И представилось, как придет собачник, накинет Ребичке петлю на шею и потянет. Как ни упирайся, все равно потянет. А потом так, на петле, с размаху – брык в фургон со всей силы. А там на живодерне будут резать. Для чего-то там живых режут, мне говорили.

Потом мы у Фроськи выпросили мяса, – Танька под юбкой мимо мамы пронесла, – и скормили Ребику. А зачем ему есть? Ведь так только, все равно на живодерню.

И мы с Танькой говорили:

– Мы за тебя просить будем, мы на коленки станем и будем плакать, чтоб папа не отдавал.

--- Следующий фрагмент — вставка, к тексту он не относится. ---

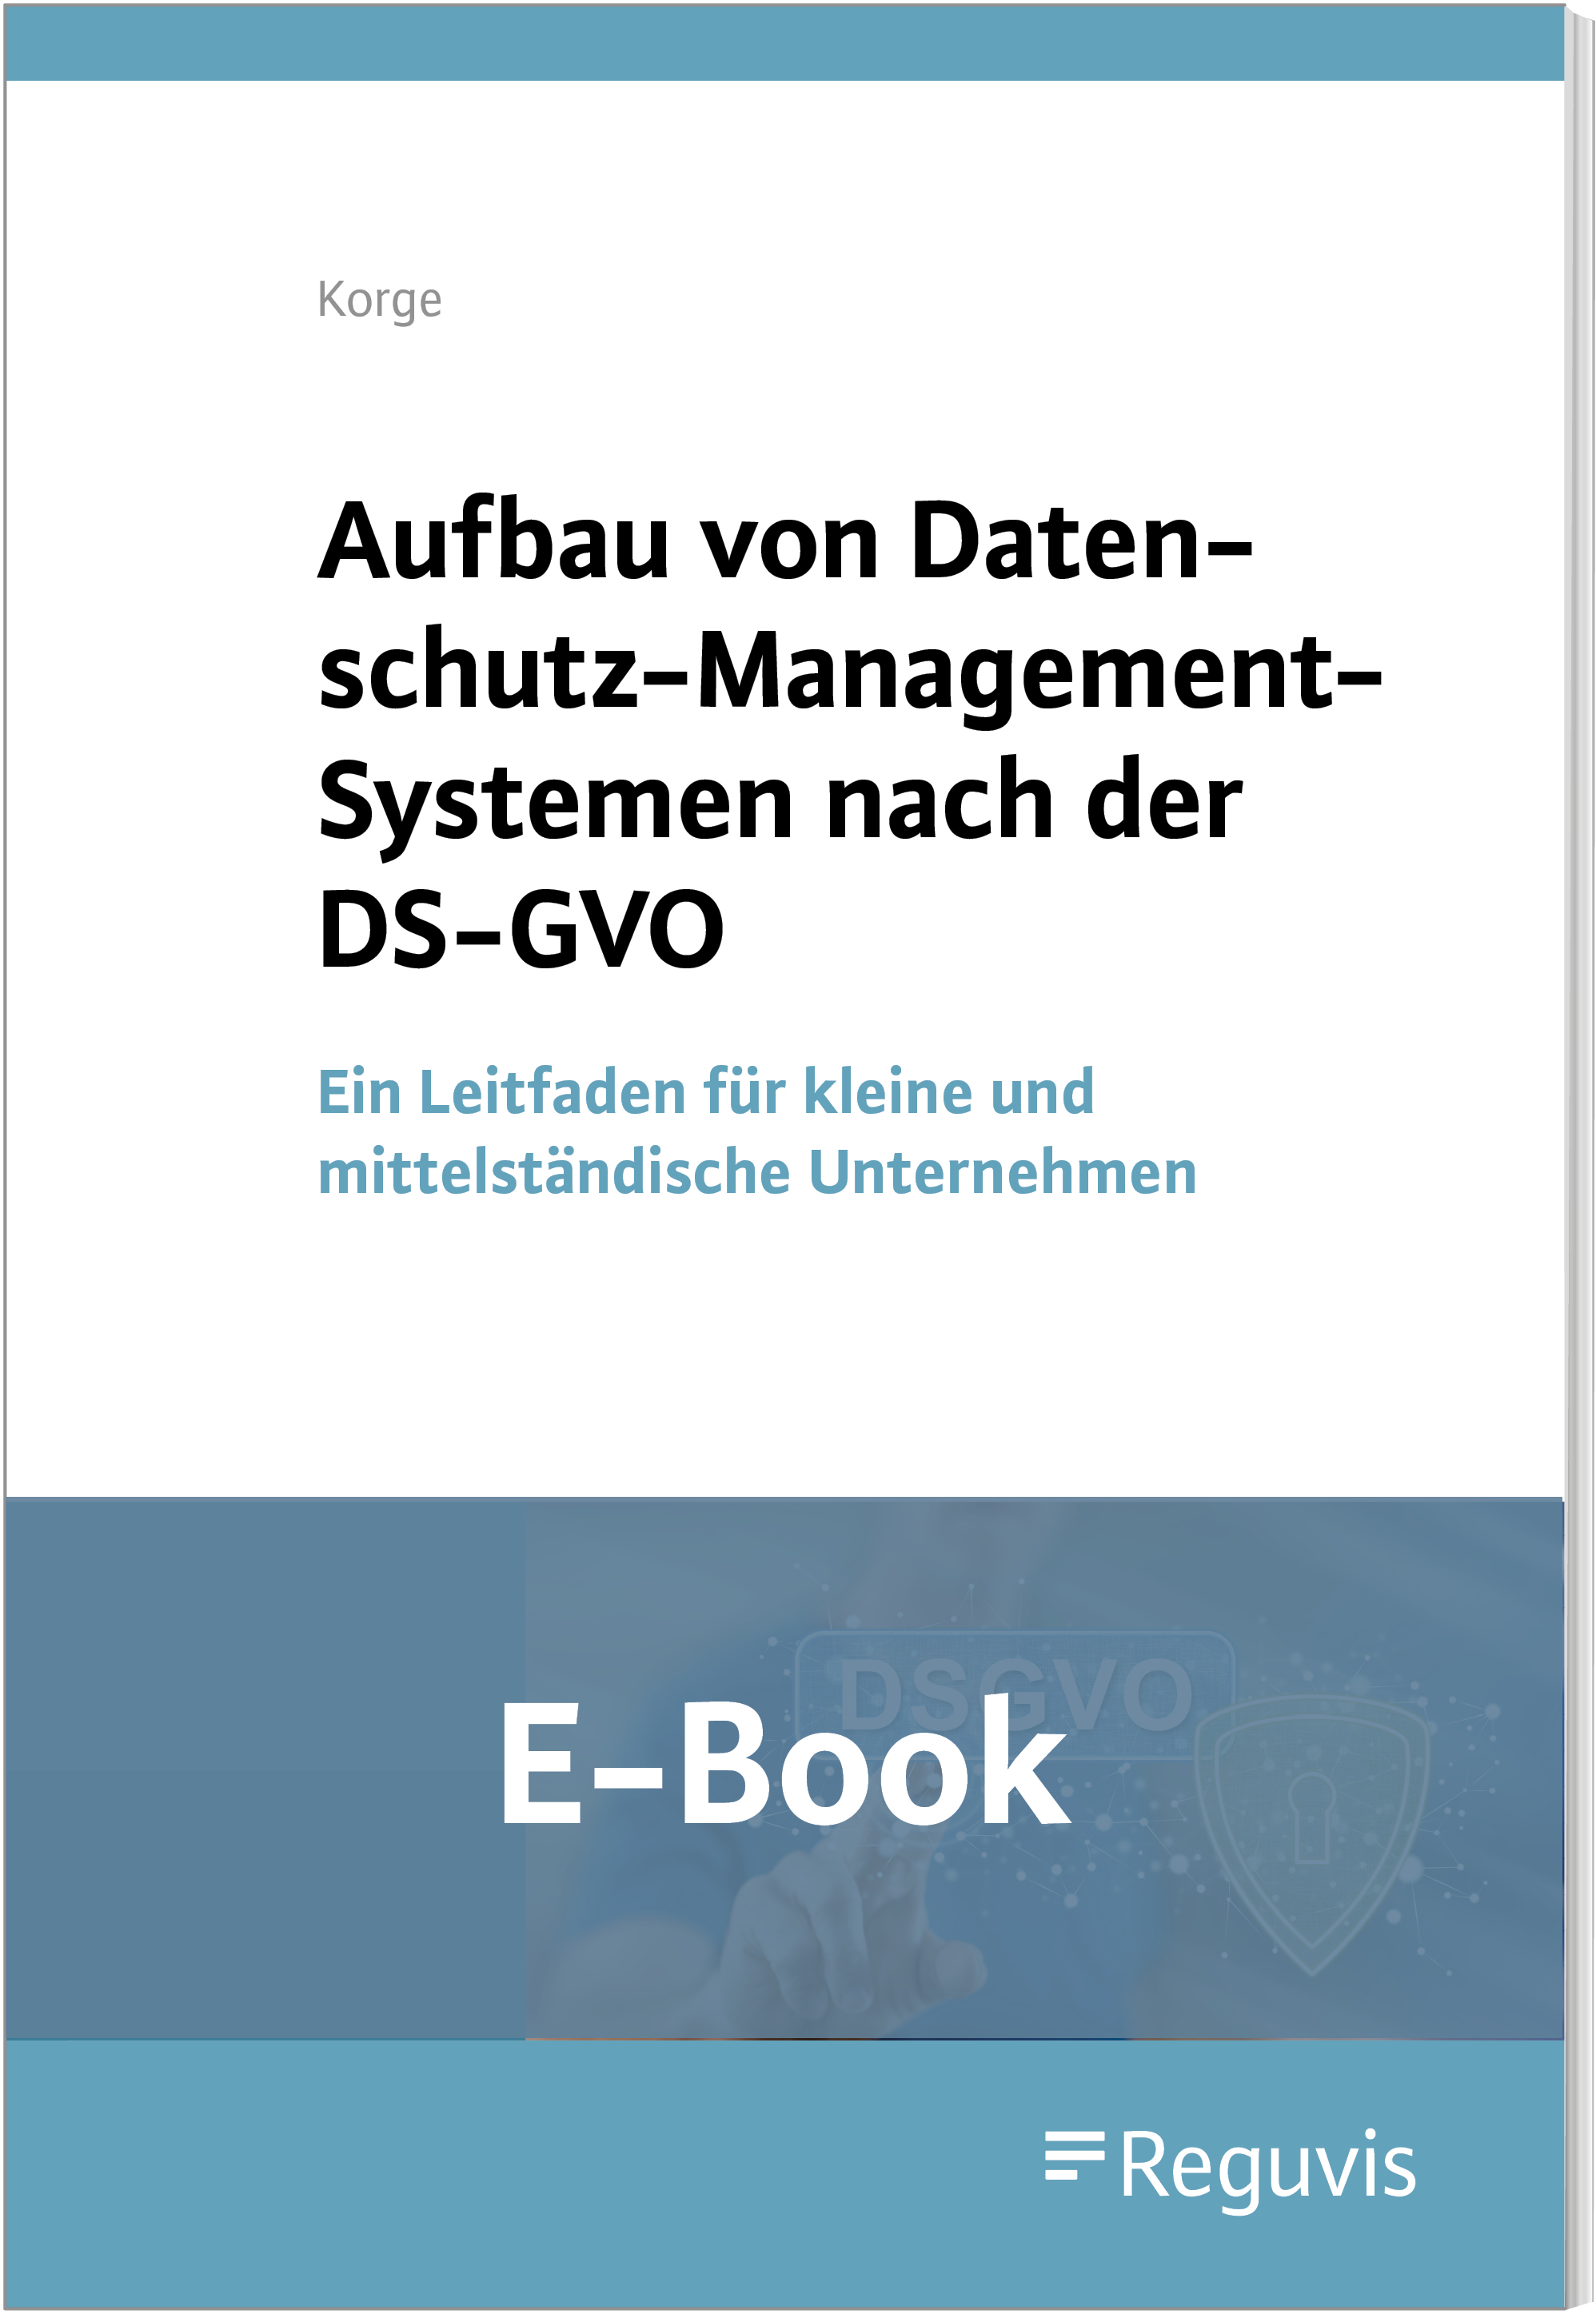 Aufbau von Datenschutz-Management-Systemen nach der DS-GVO (E-Book)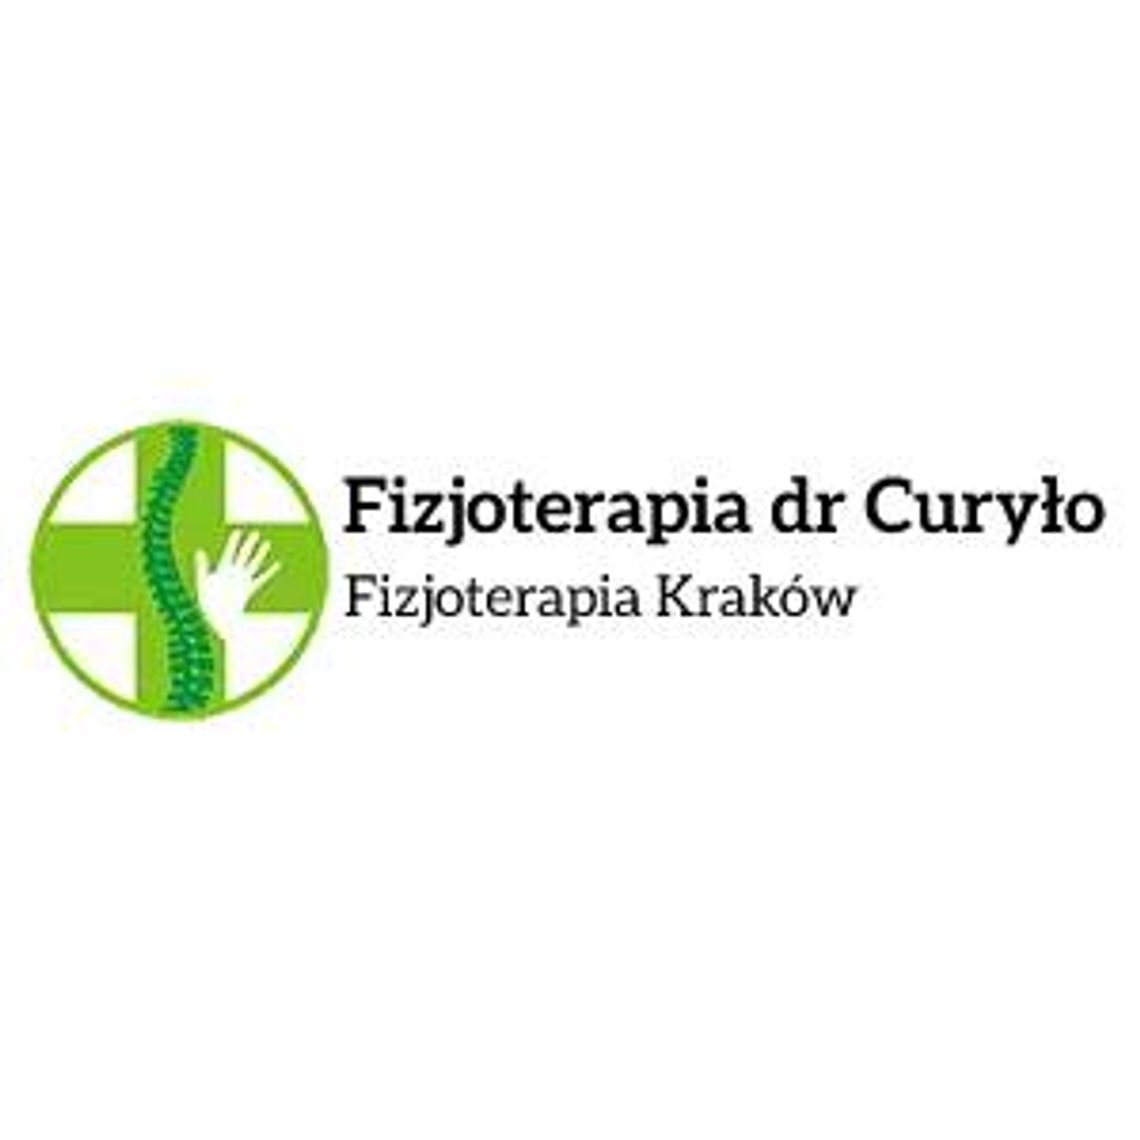 Zaopatrzenie ortopedyczne - Fizjoterapia dr Curyło

И это все потому, что Танька выдумала к Варьке подложить Пудю. А Варькина кровать стояла на полу, в углу, на бумажном коврике. Вот Ребик и нанюхал Пудю.

Принесли мы ему пить. Он лакнул два раза и бросил. Танька заревела:

– Он чует, чует!

А я стал ей про живодерню рассказывать. Я сам не знал, а так прямо говорю:

– Двое держат, а один режет. – И показал на Ребика рукой, как режут.

Танька залилась.

– Я скажу, я скажу, что мы!.. Скажем… Хоть на коленки станем, а скажем.

И все ревет, ревет… Я сказал:

– Скажем, скажем. Только чтоб Ребика не отдавали. Не дадим.

И мы так схватились за Ребика, что он взвизгнул.

А время обеда приближалось, и вот уж скоро должен прийти папа со службы. Мама вернулась из города с покупками.

– Не сидите на грязном полу. И не возитесь с собакой – блох напустит.

Мы встали и уселись на подоконнике над Ребичкой и все смотрели на дверь в прихожую. Решили, как папа придет, сейчас же просить, а то потом не выйдет. Таньку послали мыть заплаканную морду. Она скоро: раз-два, и сейчас же прибежала и села на место. Я тихонько гладил Ребика ногой, а Танька не доставала. На стол уже накрыли, свет зажгли и шторы спустили. Только на нашем окне оставили: на шнурке папа повесил Пудю, и никто не смел тронуть.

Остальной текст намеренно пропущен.